Konkurs
Tagi: zlot fanów fonobar zlot fanó 30 seconds to mars echelon summit 30 seconds to mars
[KONKURS] Echelon Summit - wygraj zaproszenie!
data rozpoczęcia: 2012-08-06
data zamknięcia: 2012-08-15
KONKURS!
W dniu 20.08.2012 Polski Echelon czyli wszyscy Polscy fani i wielbiciele zespołu 30 Seconds to Mars spotkają się w Warszawie w Klubie Fono Bar. W tym roku okazja jest niebłaha, albowiem mija 10 lat od wydania debiutanckiego albumu tego zespołu!

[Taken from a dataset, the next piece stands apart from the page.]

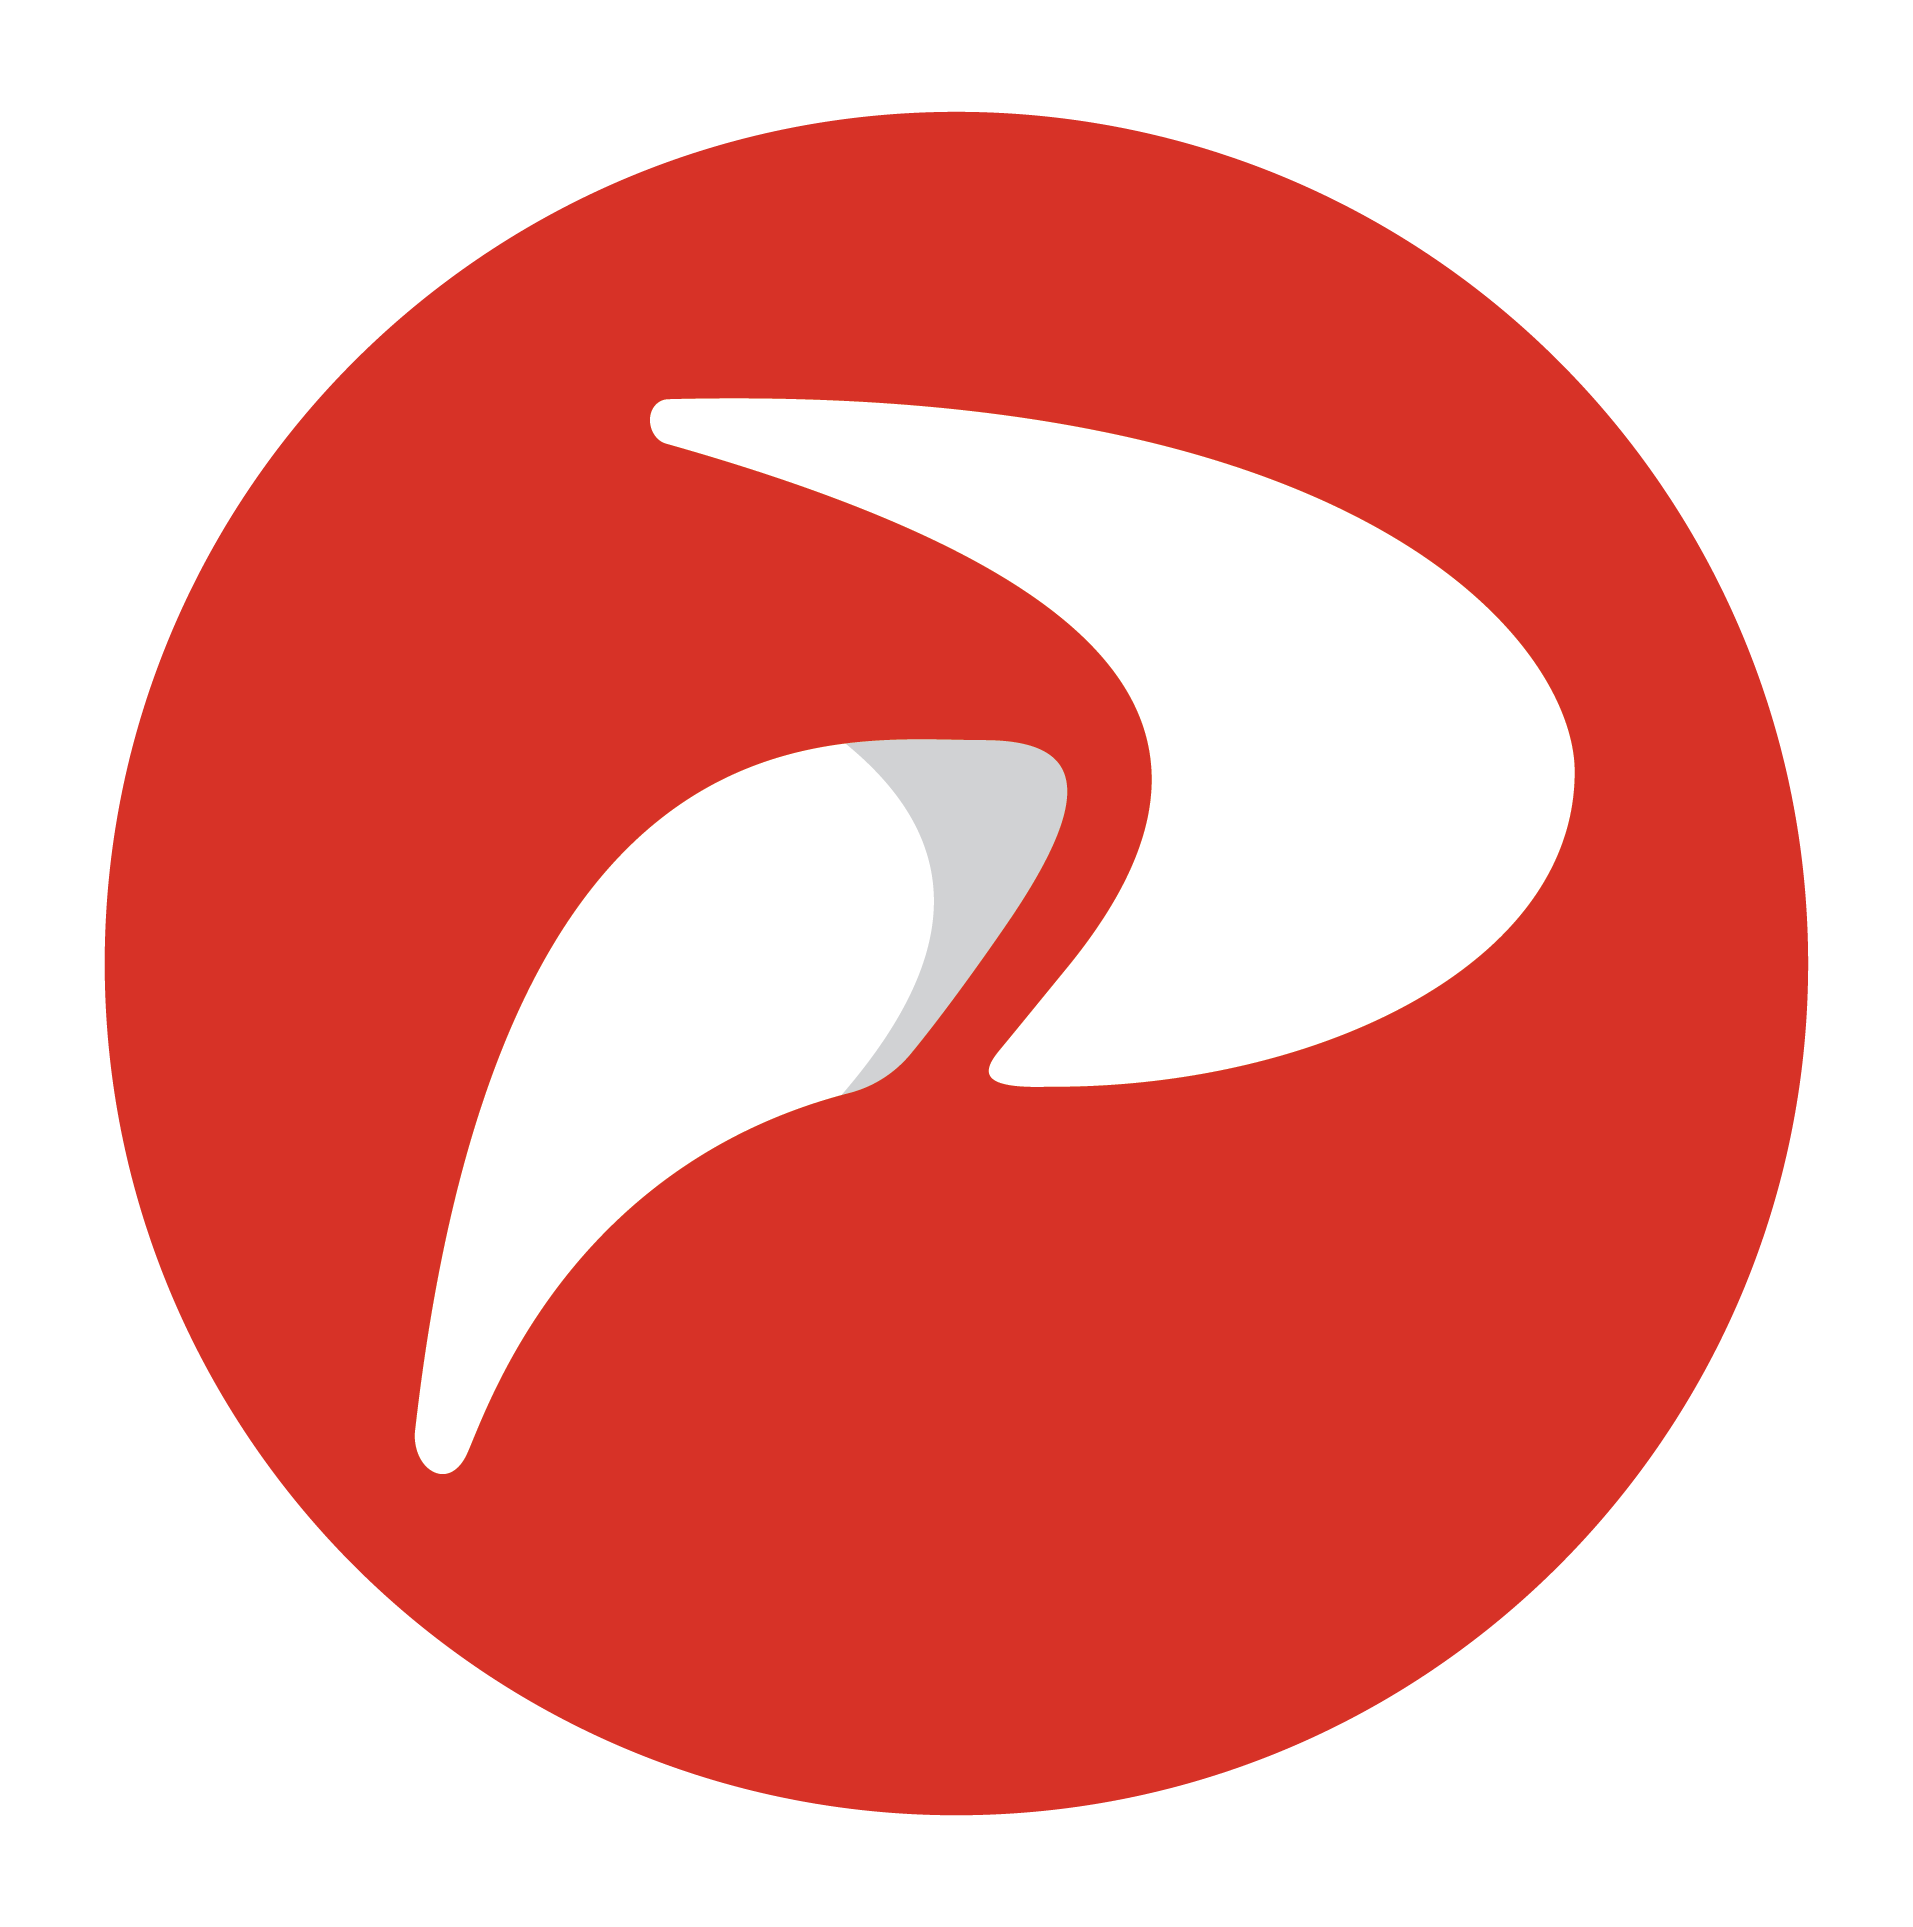 Penquin logo

O całej inicjatywie przeczytasz w tym miejscu.
Jeśli jesteś prawdziwym fanem 30 Seconds To Mars to nie przegap tego konkursu.
ZASADY!
W komentarzu poniżej napisz, co fascynuje Cię w grupie 30 Seconds To Mars. Najciekawsze odpowiedzi wynagrodzimy podwójnym biletem!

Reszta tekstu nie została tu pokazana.